I admit, inevitable is a very strong word to use, but since the Wife of Bath’s Prologue is dominated by the stories of her five marriages, the theme of relationships is not really one we can ignore. And nor would we want to, considering the significance and richness of the theme as presented by Chaucer. The Wife of Bath’s world is what many critics have called a ‘Mundus Inversus’– a world literally turned upside down, where the Wife, contrary to the traditionally submissive roles and characterisations women (who were inferior to men) in the 14th century were expected to possess, is actually the dominant figure in her first few marriages. She does this not once, not twice, but three times. In a row. This may be why she does not seem to distinguish between any of her first three husbands.

If we focus on marriage as the means of exploring the presentment of human relationships in the text, we can find several examples pointing to the presentment of human relationships as competitions of sovereignty- something, until her fourth marriage, the Wife is good at winning…



We do not need a gossip magazine to get a glimpse of the Wife’s relationships- she tells all.
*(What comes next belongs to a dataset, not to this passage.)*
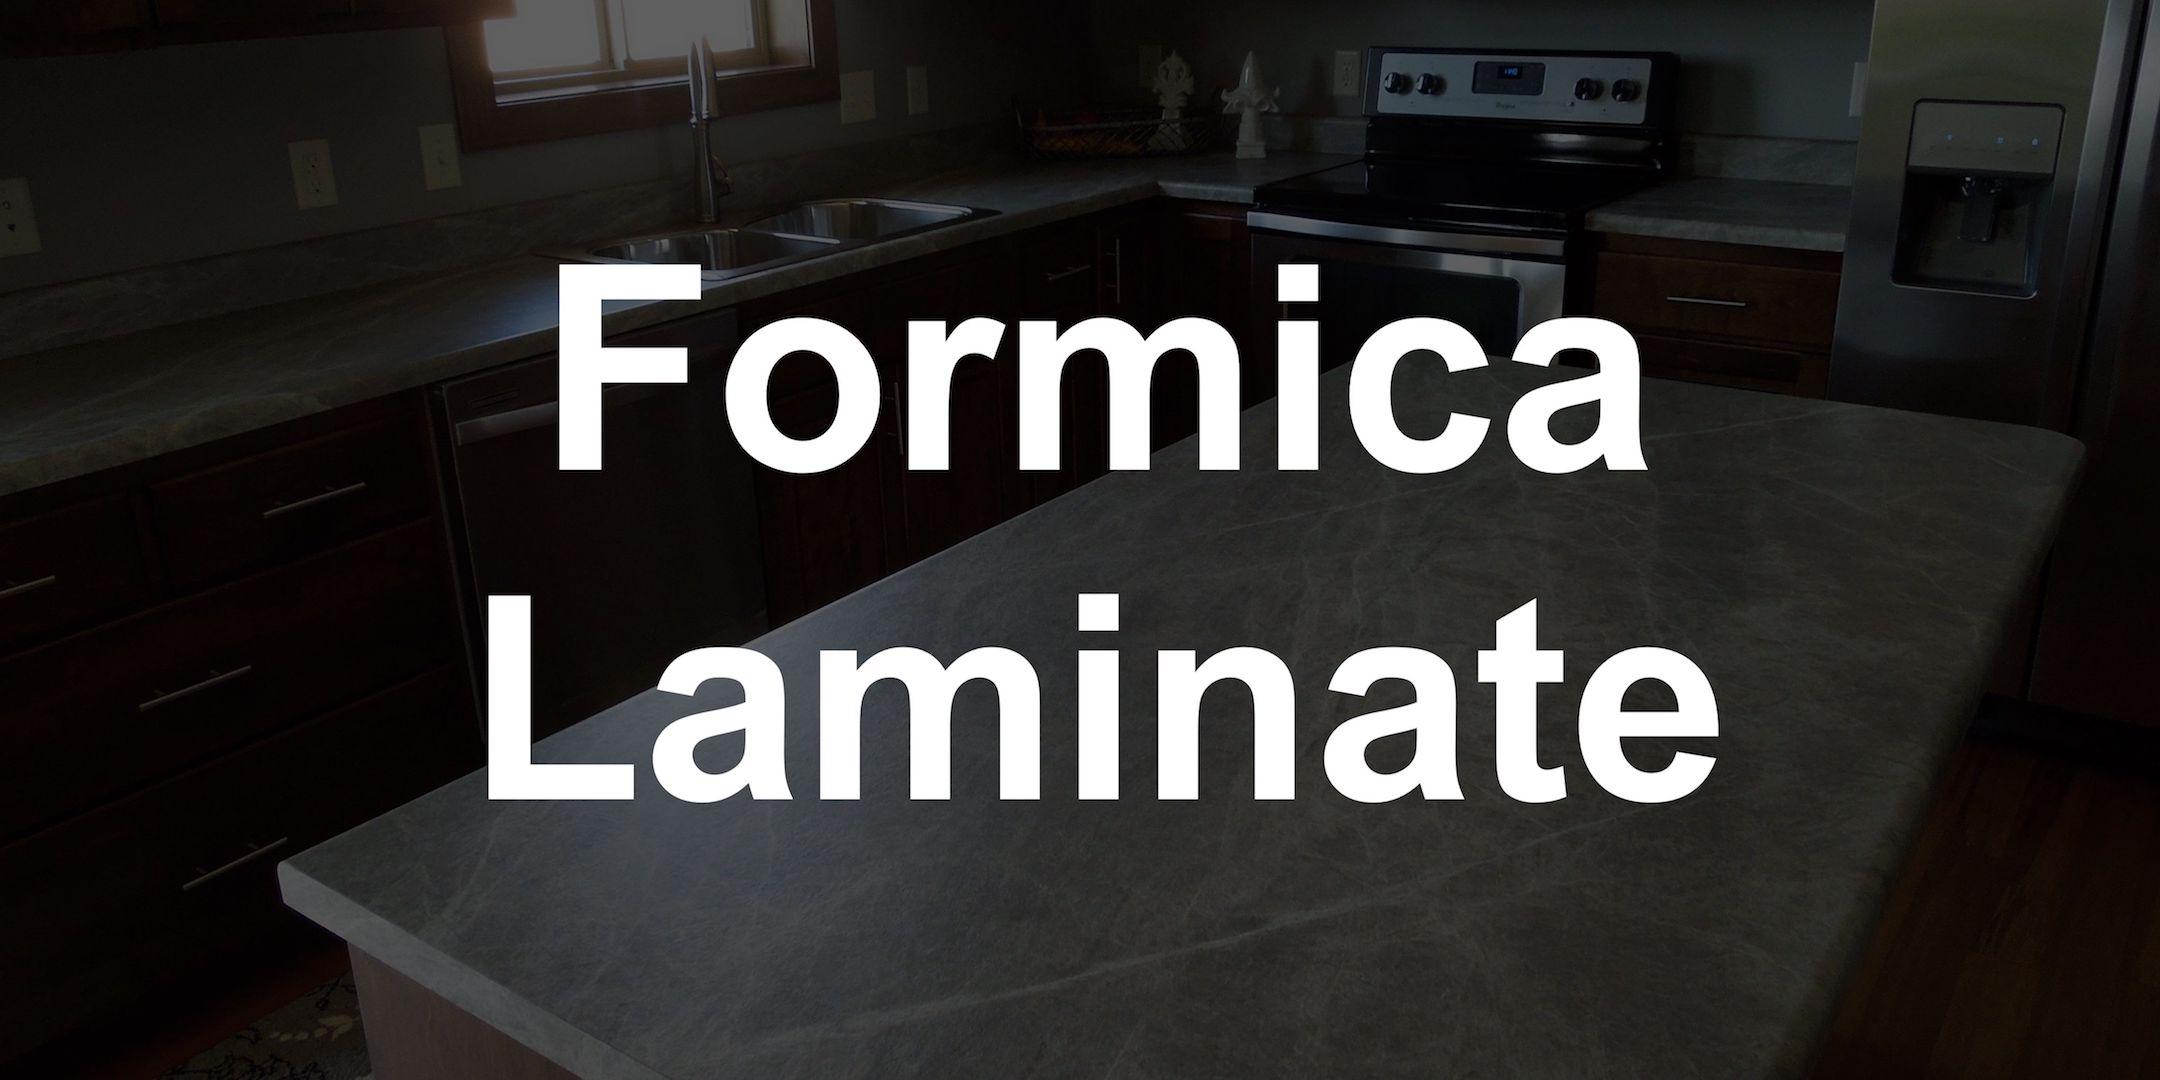 Formica Laminate.jpg
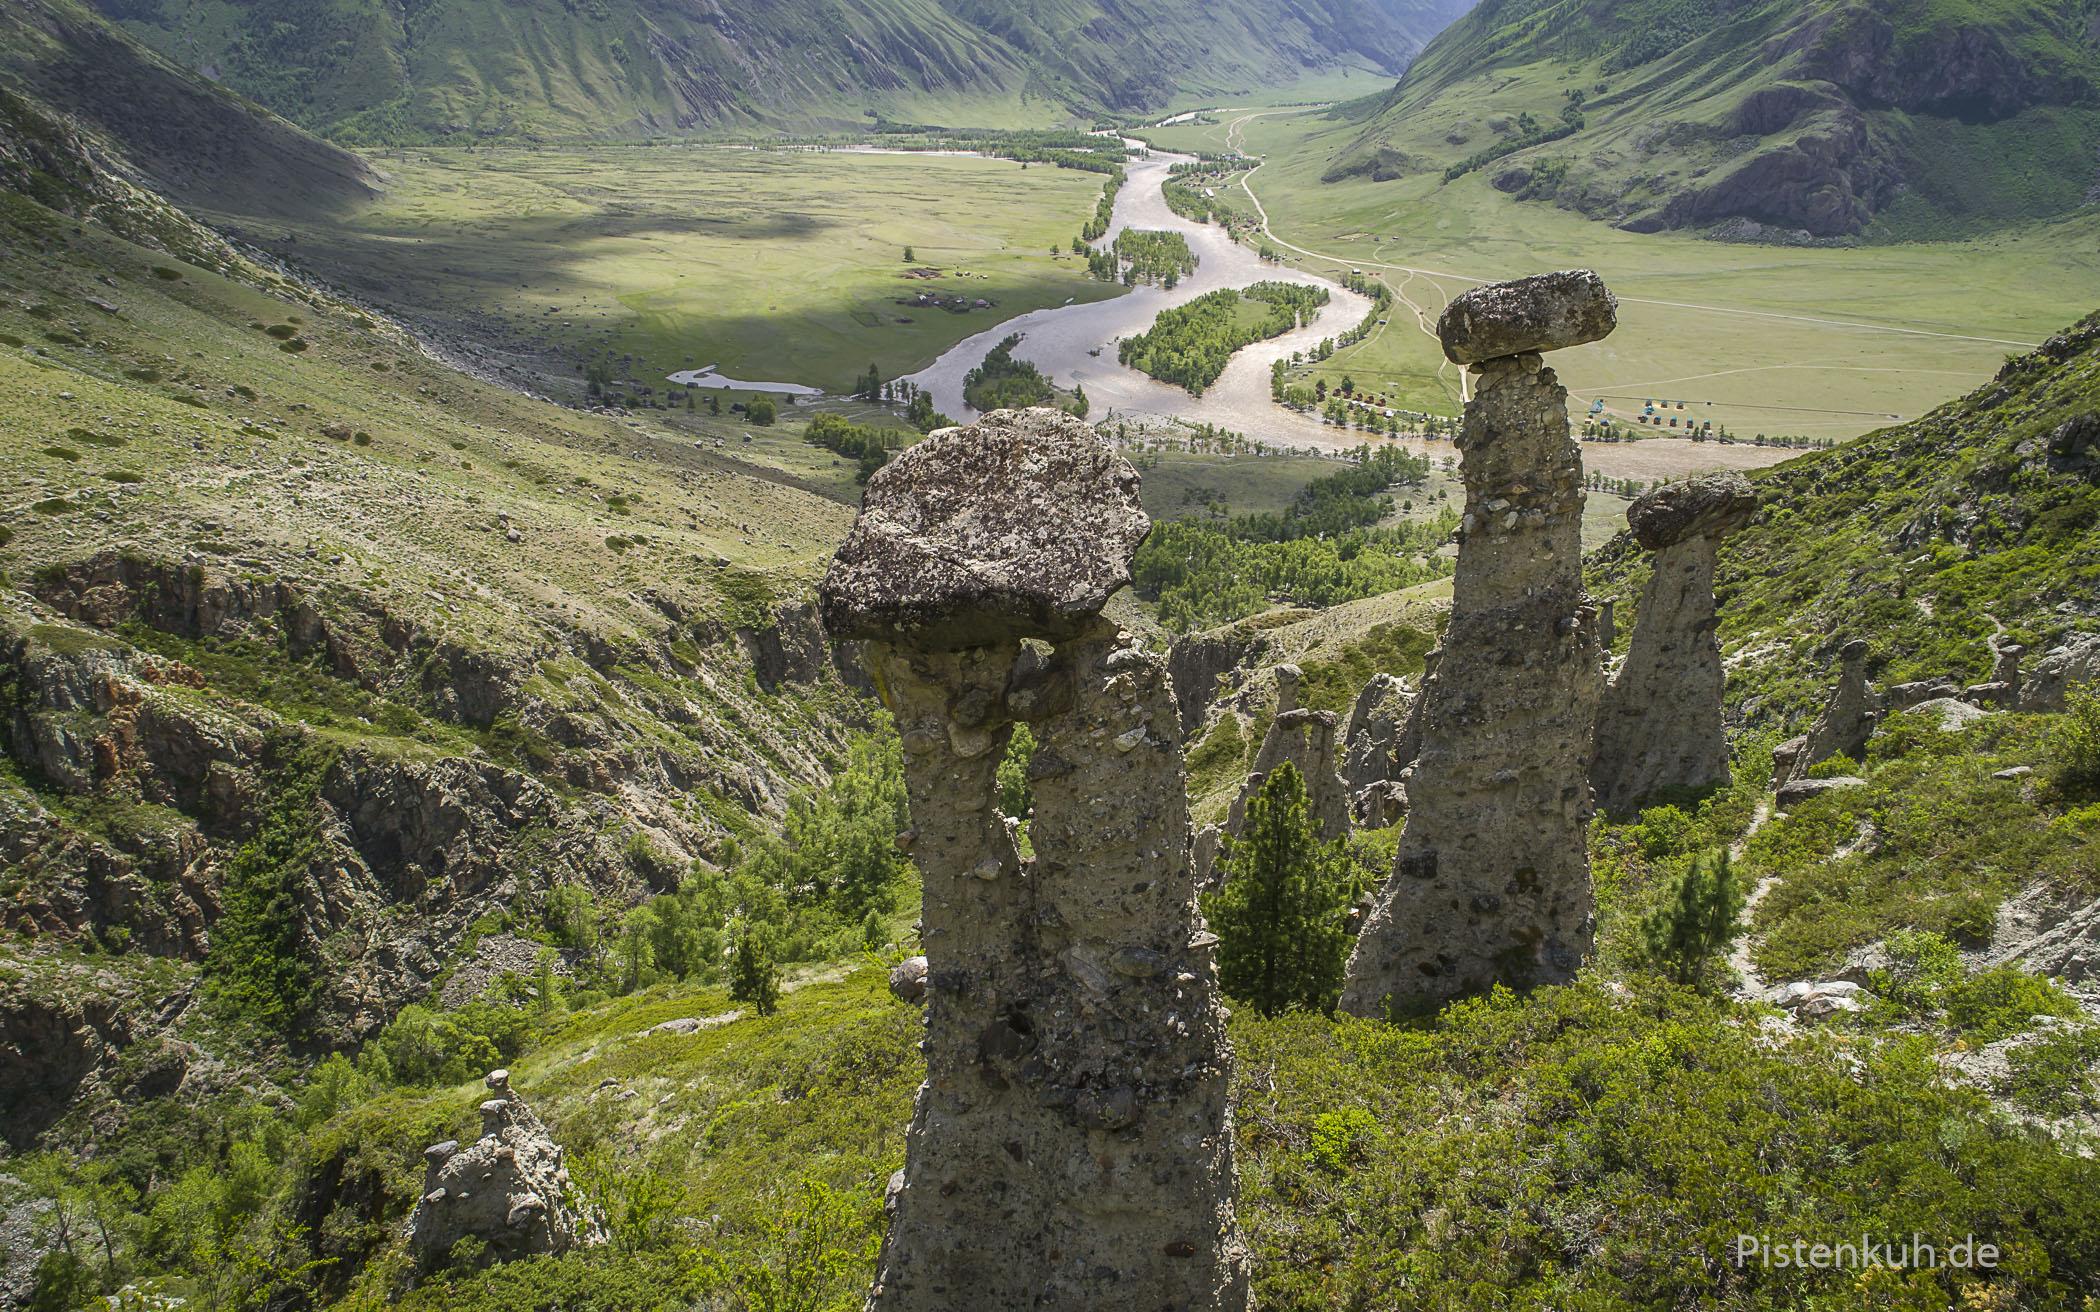 Steintürme, eine besondere Erosion, findet man im unteren Teil des Chulyshman Valley

With gleeful pride, the Wife boasts of her ability to control her husbands and establish superiority over them. Human relationships in The Wife of Bath, in other words, could be seen as predominantly power struggles. The Wife of Bath is powerful in her first three marriages, seems to lose control in her fourth and fifth marriages, but informs us that [at least for her] there is a happy ending by the end of her fifth marriage (it would be difficult to argue the same for Jankyn) because- you guessed it- she regains power as the dominant partner in her marriage. What is highlighted throughout this is the imbalance of power within relationships, evident in all her marriages. What might be interesting to question yourself is, does Chaucer want, through this, to convey the disadvantages of power imbalances, thus promoting more equal relationships? It is a question unanswered, left ambiguous in the text, yet a positive aspect of the Wife of Bath, for in the blanks left out by Chaucer, we have filled in colourful debates on the text, prolonging the mystery of Chaucer’s work, inviting us to look deeper for new interpretations, gifting us with the ability to be a part of this masterpiece.